Effective through June of next year, HF 1 includes other changes as well, such as permitting for-profit HMOs to join the state-run individual marketplace and allowing hospitals and clinics to use administrative law judges to challenge the way insurance providers select their networks. It also paves the way for agricultural cooperative health plans to provide insurance to farmers and agribusiness employees.
Minnesota Gov. Mark Dayton signed HF 1 (the subsidies for consumers) in January and allowed HF 5 (reinsurance for insurers) to become law without his signature. In a statement, he voiced concerns about the reinsurance legislation, saying it subsidizes insurance companies without assurances from them that they will participate in Minnesota’s market or any indication that rates would be lowered in 2018. But he agreed that state intervention was needed “to try and induce [insurers’] participation in Minnesota’s individual market in 2018 at the lowest possible rates.”

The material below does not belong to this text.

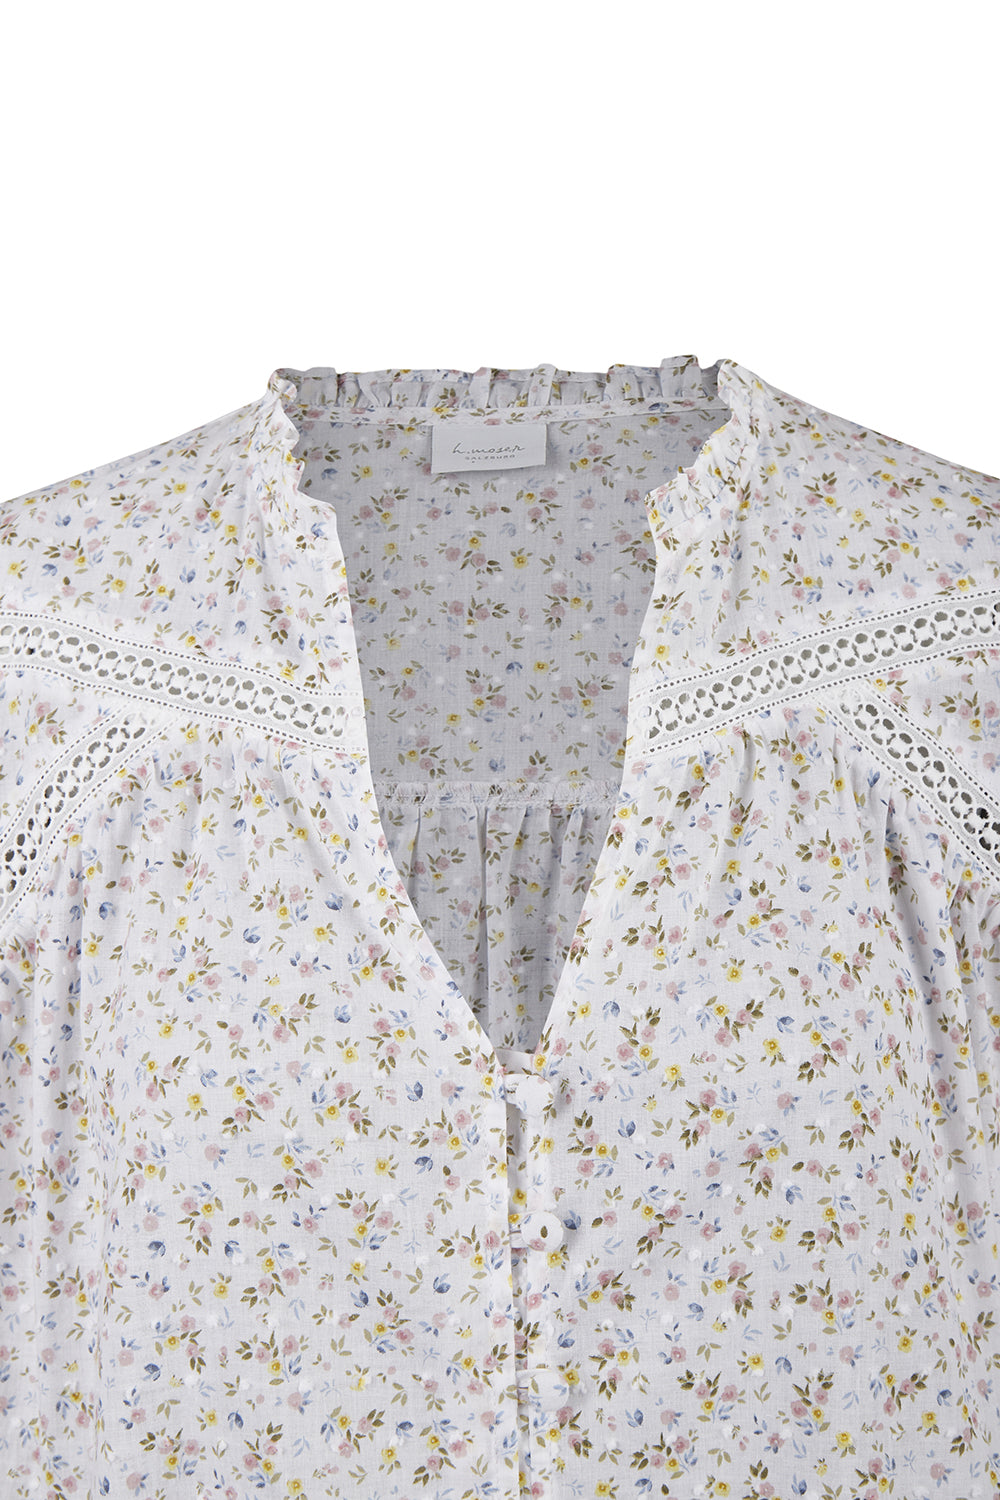 Women's blouse Beatrix

Outside the Midwest, Alaska’s reinsurance program is being funded by a 2.7 percent tax on all insurers. After the bill was passed last June, the only insurer in Alaska’s exchange filed rates for premiums that rose 7.3 percent, as opposed to the 42 percent originally estimated.

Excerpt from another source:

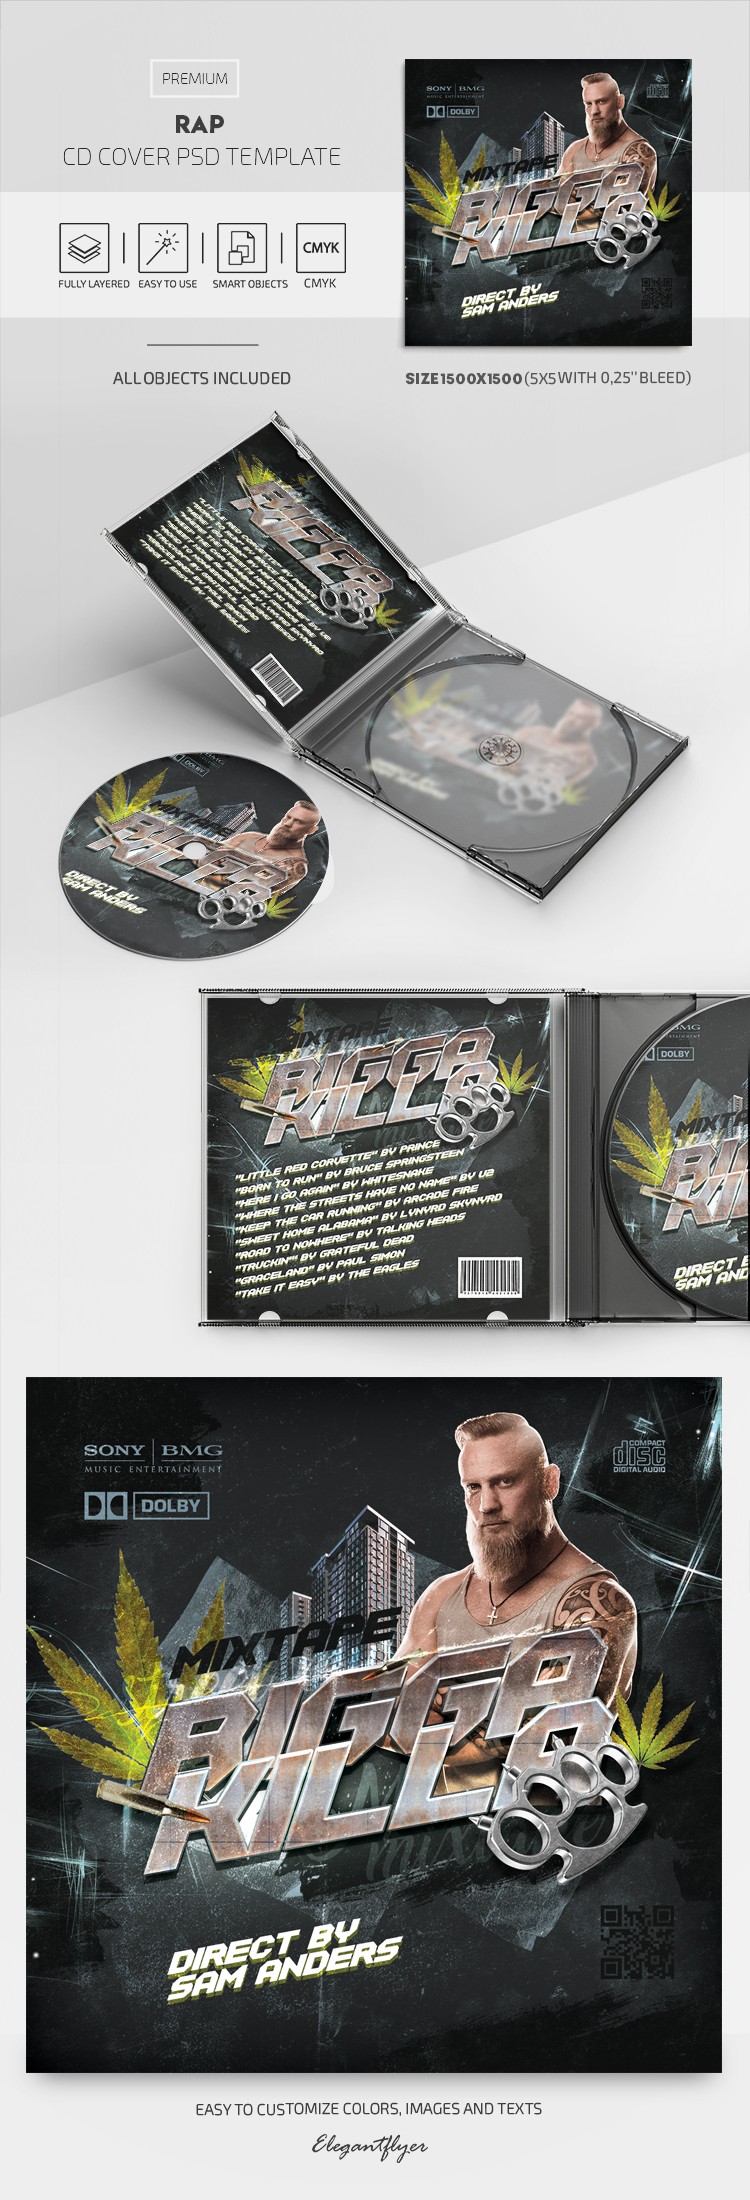 Couverture de CD de rap by ElegantFlyer

Idaho authorized a reinsurance program last month, and in Oklahoma — where premiums jumped 76 percent — a state task force has recommended reinsurance in a 60-page plan to deal with skyrocketing premiums.
“Reinsurance always makes a certain amount of sense if you’re willing to fund it,” Claxton says.
‘Playing catch-up’
Dahms, assistant majority leader in the Minnesota Senate, says reinsurance was necessary because his state’s individual market had essentially collapsed. Reinsurance was the best — and quickest — solution to provide stability and draw insurers back into that market, thus restoring competition and consumer choice, he says.

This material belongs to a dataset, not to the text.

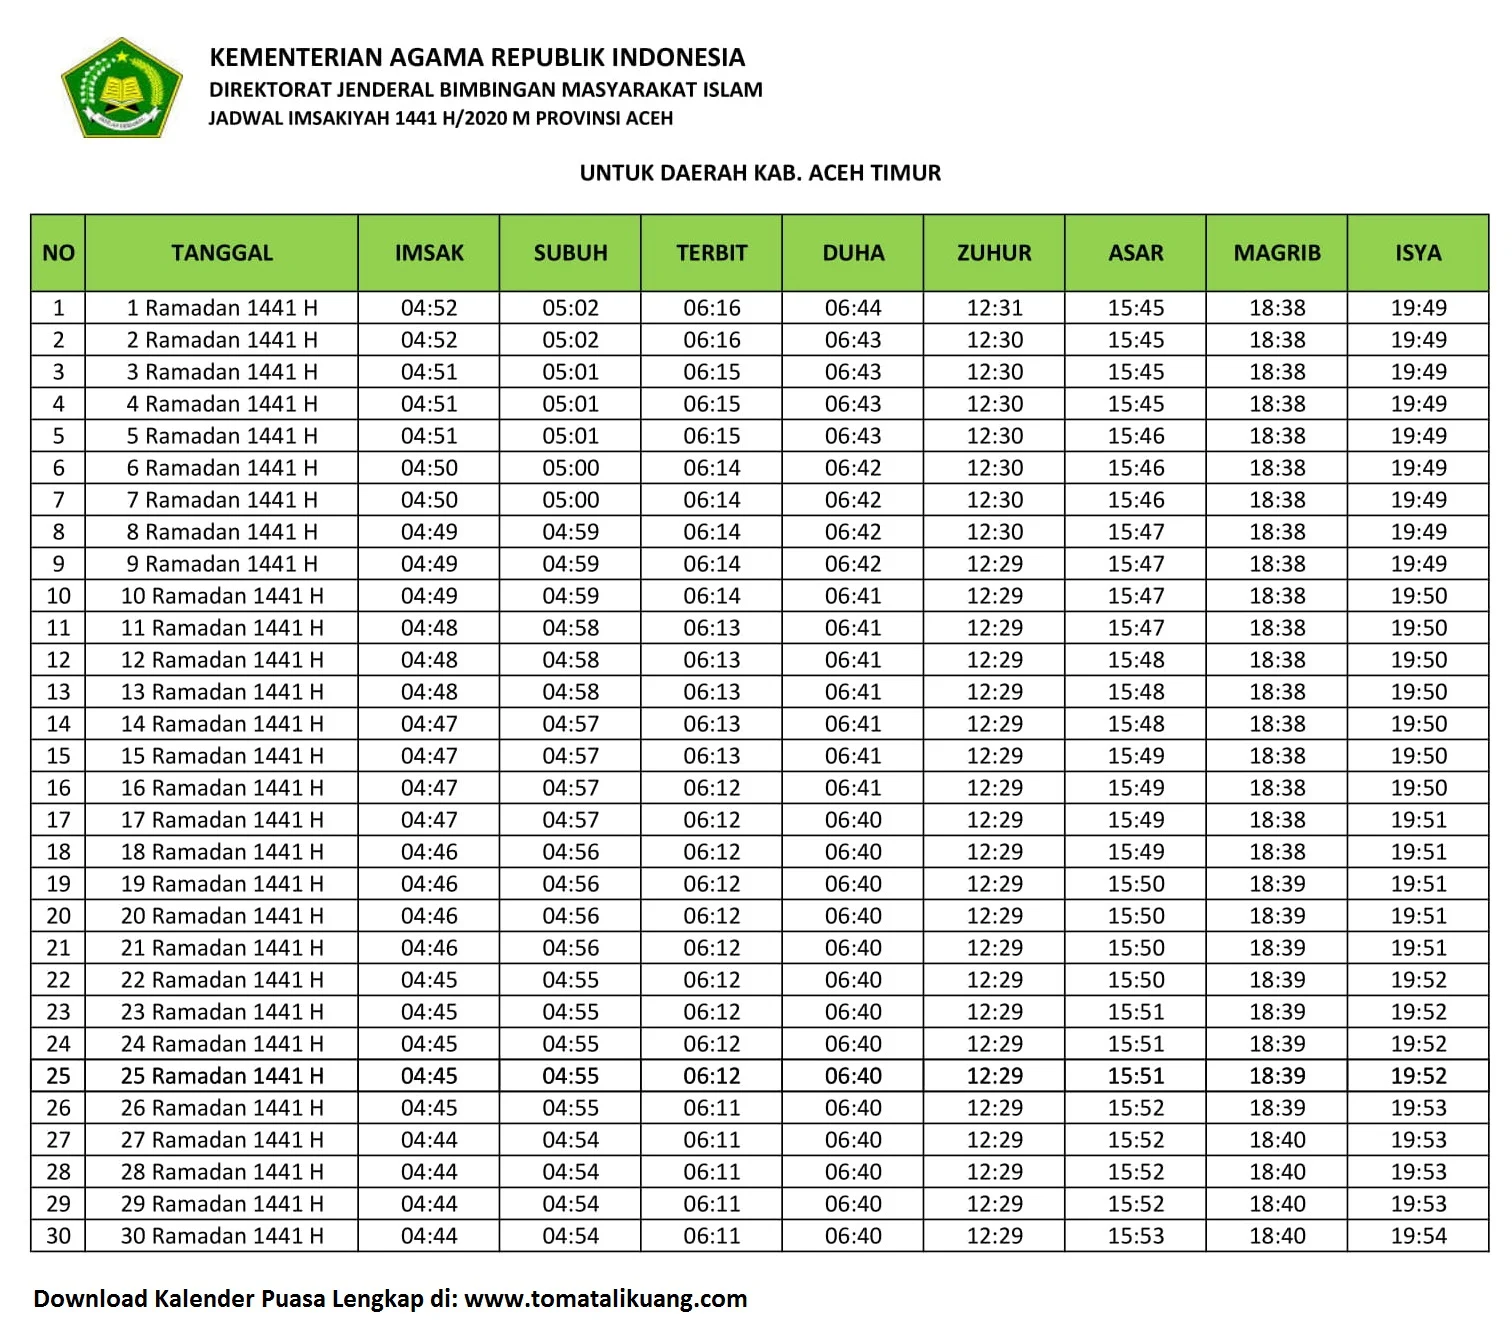 Jadwal Imsakiyah & Buka Puasa Kab. Aceh Timur 2020 / 1441 H (Kalender

Lynne Blewett, professor of health policy and management at the University of Minnesota’s School of Public Health, says reinsurance should help stabilize Minnesota’s individual exchange market, which was underpriced and had lots of volatility from the start.
“We had the lowest premium rates and they were all too low,” she says. “We’ve been playing catch-up.” Moreover, Blewett says insurers still can’t get a good grasp of the individual exchange market’s risk profile because it keeps changing; the state’s high-risk pool was folded into it, and now, some large employers in Minnesota are moving their pre-retirement employees into the market (and providing them with money to purchase policies on the exchange).
Having the state act as the reinsurer does cost some money, “but it gives stability to the market and draws insurers back [to it],” Blewett adds. If other states want to follow Minnesota’s lead, Sen. Dahms recommends laying the groundwork via close cooperation among legislators, the governor’s office, and state and federal officials to ensure everyone is on the same page.
Also, he says, know what the Section 1332 waiver process entails, and work with the U.S. Centers for Medicare and Medicaid Services to know what’s possible through that process before crafting a state reinsurance program and waiver application for it.
According to the U.S. Department of Health and Human Services’ website, if a state can demonstrate savings via a reinsurance program, a successful application for a Section 1332 waiver could allow the state to get federal “pass-through” funding to offset part of that program’s costs. Section 1332 authorizes the secretaries of Health and Human Services and Treasury to waive provisions under their respective jurisdictions related to premium tax credits and cost-sharing reductions for plans offered within the marketplaces.